--- Quote Start ---
I am playing with the PCIE testbench simulation today, Now I understood that BAR is one to one mapped between the RC and EP. I think in my case BAR0/1 is used for simple memory read/write
--- Quote End ---
Think of the BAR as the interface needed by the host (the RC). The only way the host can talk to the PCIe EP is via the BAR.
--- Quote Start ---
and BAR2 is used for DMA.
--- Quote End ---
Not quite, you need to be clear in your descriptions, so its clear that you understand what is going on.
The DMA controller must be a PCIe bus master and so it generates its own 64-bit addresses.
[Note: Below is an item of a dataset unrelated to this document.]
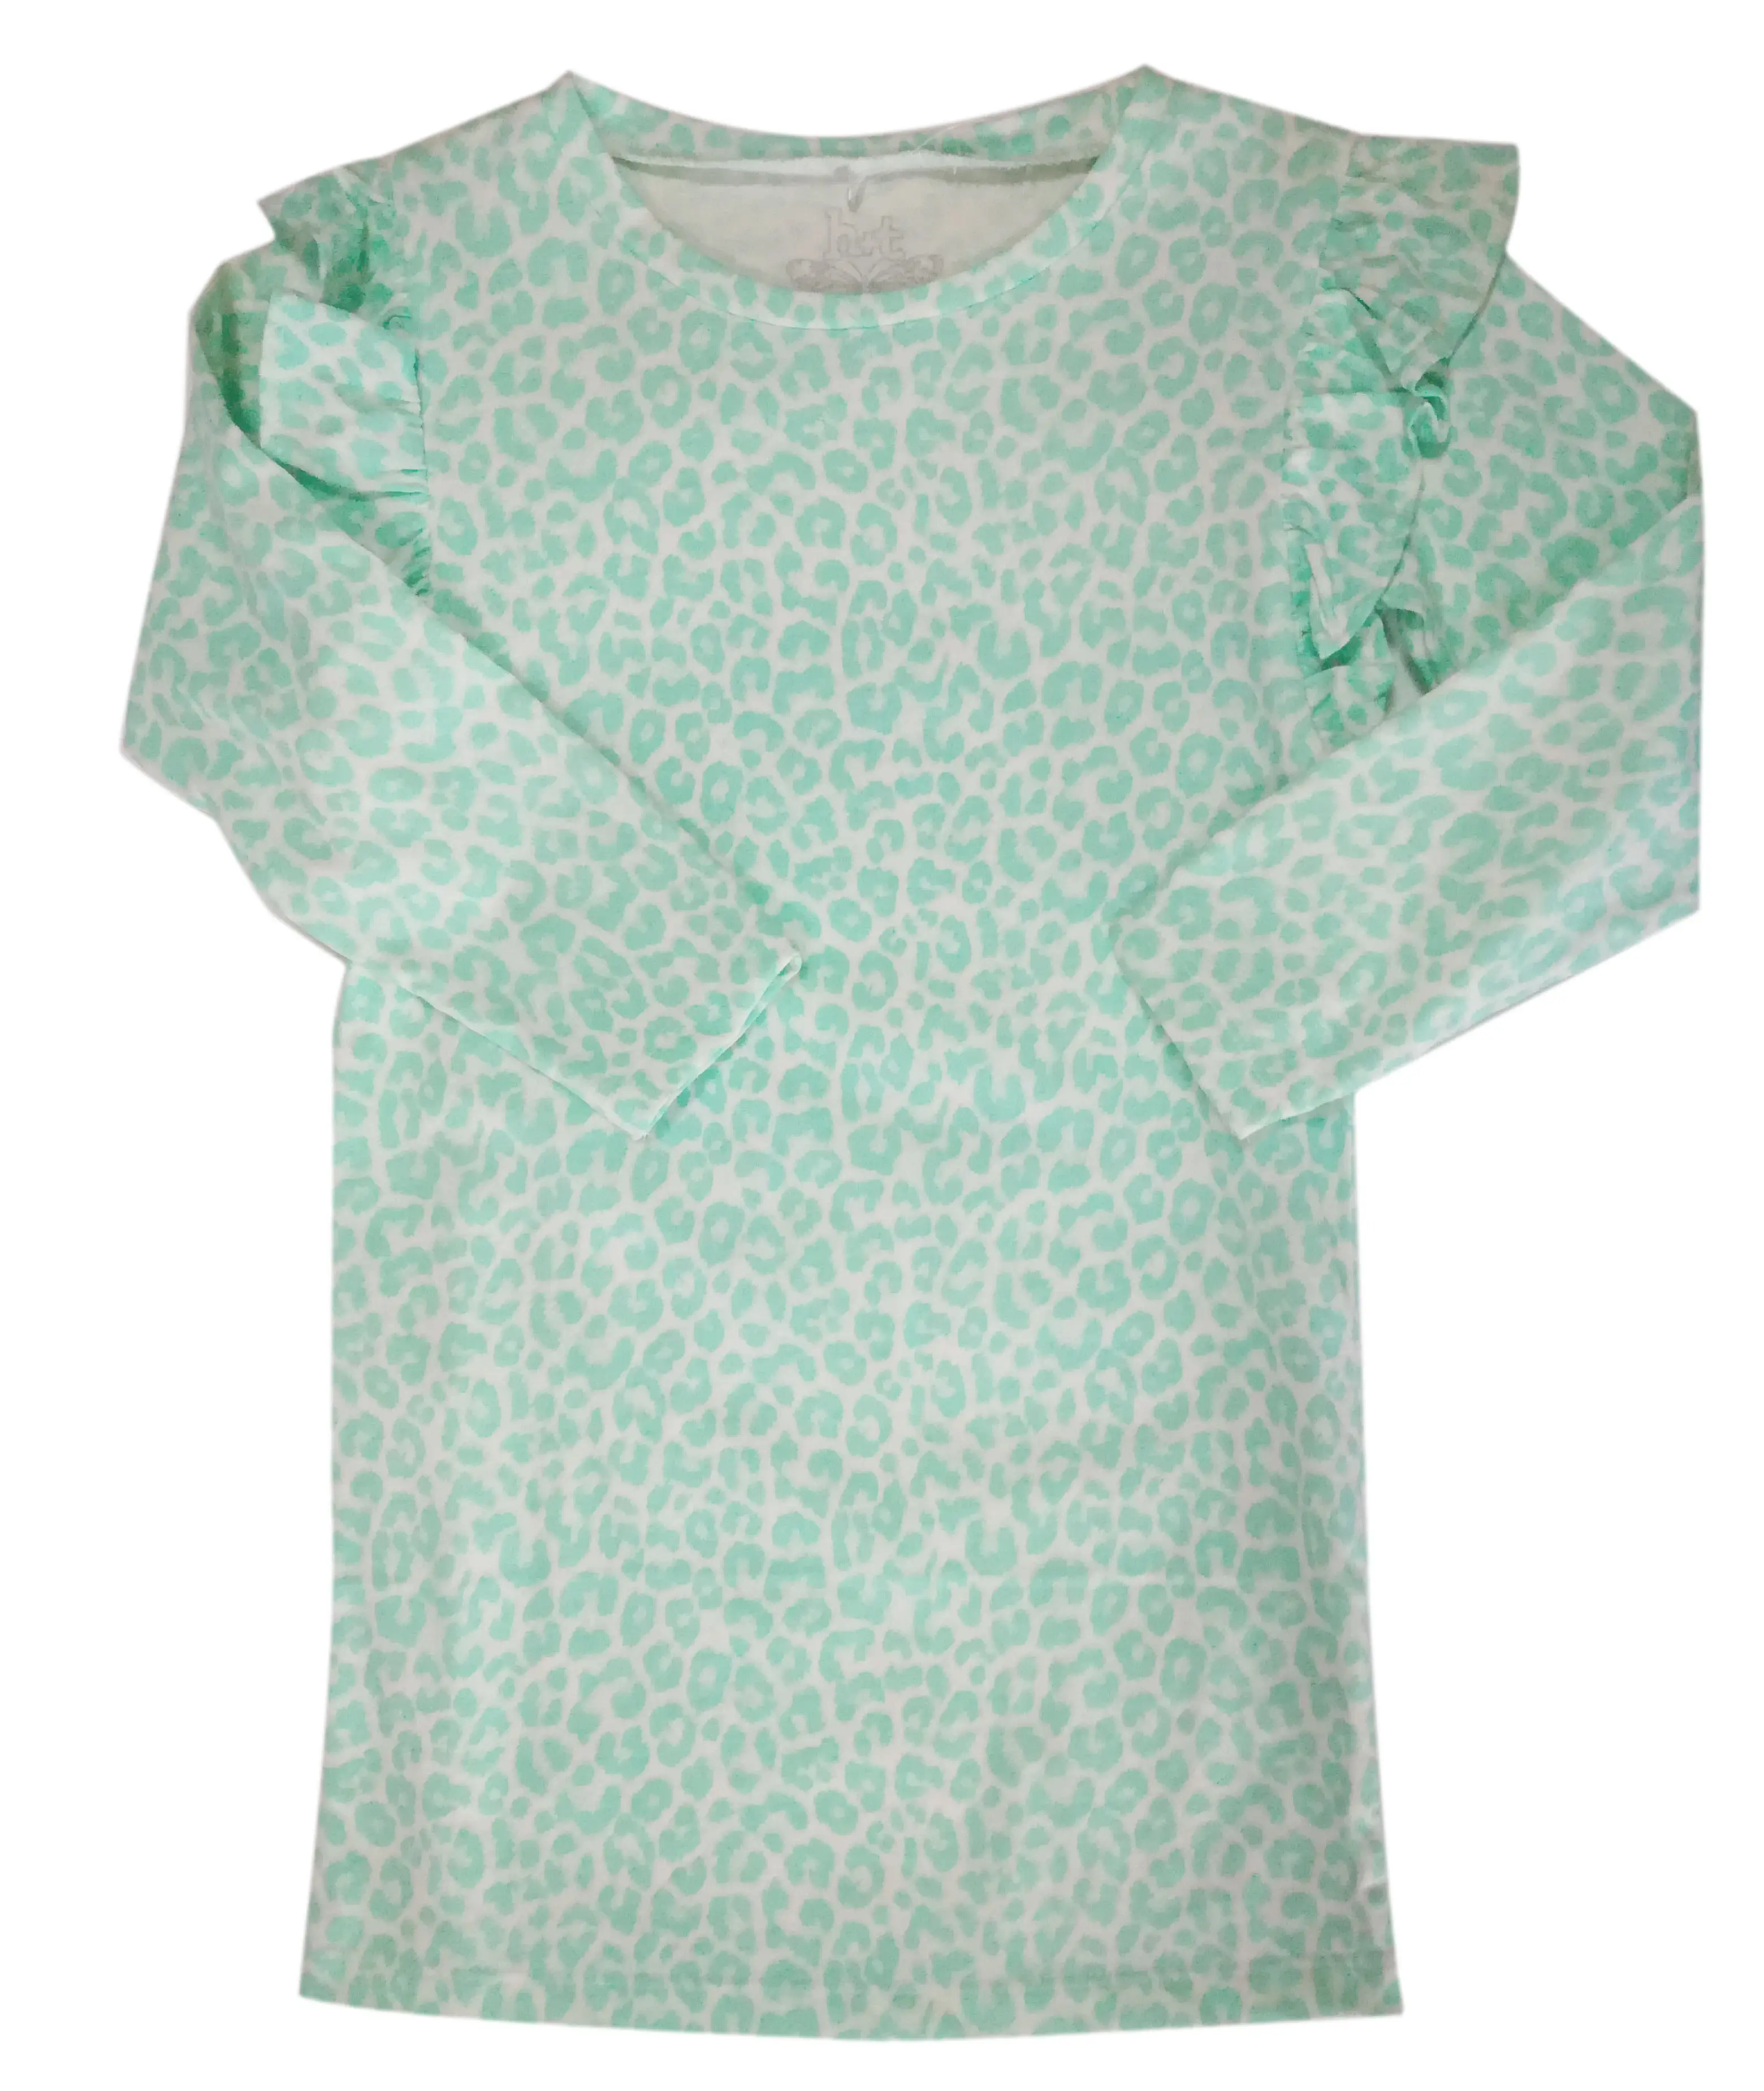 Newest Hot Sale Pretty Green Round Collar Children Dress For Girls

If the RC needs to program the DMA controller, then the DMA control registers might live in BAR2.
--- Quote Start ---
I understand the basics of DMA which frees the CPU from handling all the data moving work. (isn't still require a method to tell the EP which address to start?)
--- Quote End ---
The RC needs to program the EP DMA controller registers.
For a simple DMA controller, controller registers have a source address, a destination address, the data length to transfer, a control register (with a "go!" bit) and a status register (with a "done!" bit).
"Real" DMA controllers are more complicated than that. They have scatter-gather buffers, which are basically linked lists of data transfers to perform. The DMA controller will consume the linked list based on other register settings, eg., "do this every time you get an interrupt". This relieves the processor of doing anything ... other than the original setup of the scatter-gather lists. The host (RC) can optionally be interrupted as DMA events occur.
--- Quote Start ---
at the EP, I have a 20Gbytes nand flashes, should I make the BAR bigger? or there is other way around? lol I dont think I can make BAR 20G, right?
--- Quote End ---
No, if you make your BAR 20G, you will not be able to boot your PC. The BIOS will choke. If you read the notes I linked to in the other thread, I could not boot my EliteBook laptop if I made the BAR too big.
If you want the RC to get data from the 20G drive, then it has to program the DMA controller with source addresses that correspond to the 20G drive (or memory buffers that drive creates), and then transfer those buffers using DMA to the host.
If you dig into the filesystem for your OS, you'll find that it works in pages/sectors, i.e., blocks of bytes. Your DMA controller needs to move a request page of bytes from the PCIe EP over the PCIe bus to the host memory (where it is possibly copied into a page that the filesystem driver gave you).
Something like that anyway ...
Cheers,
Dave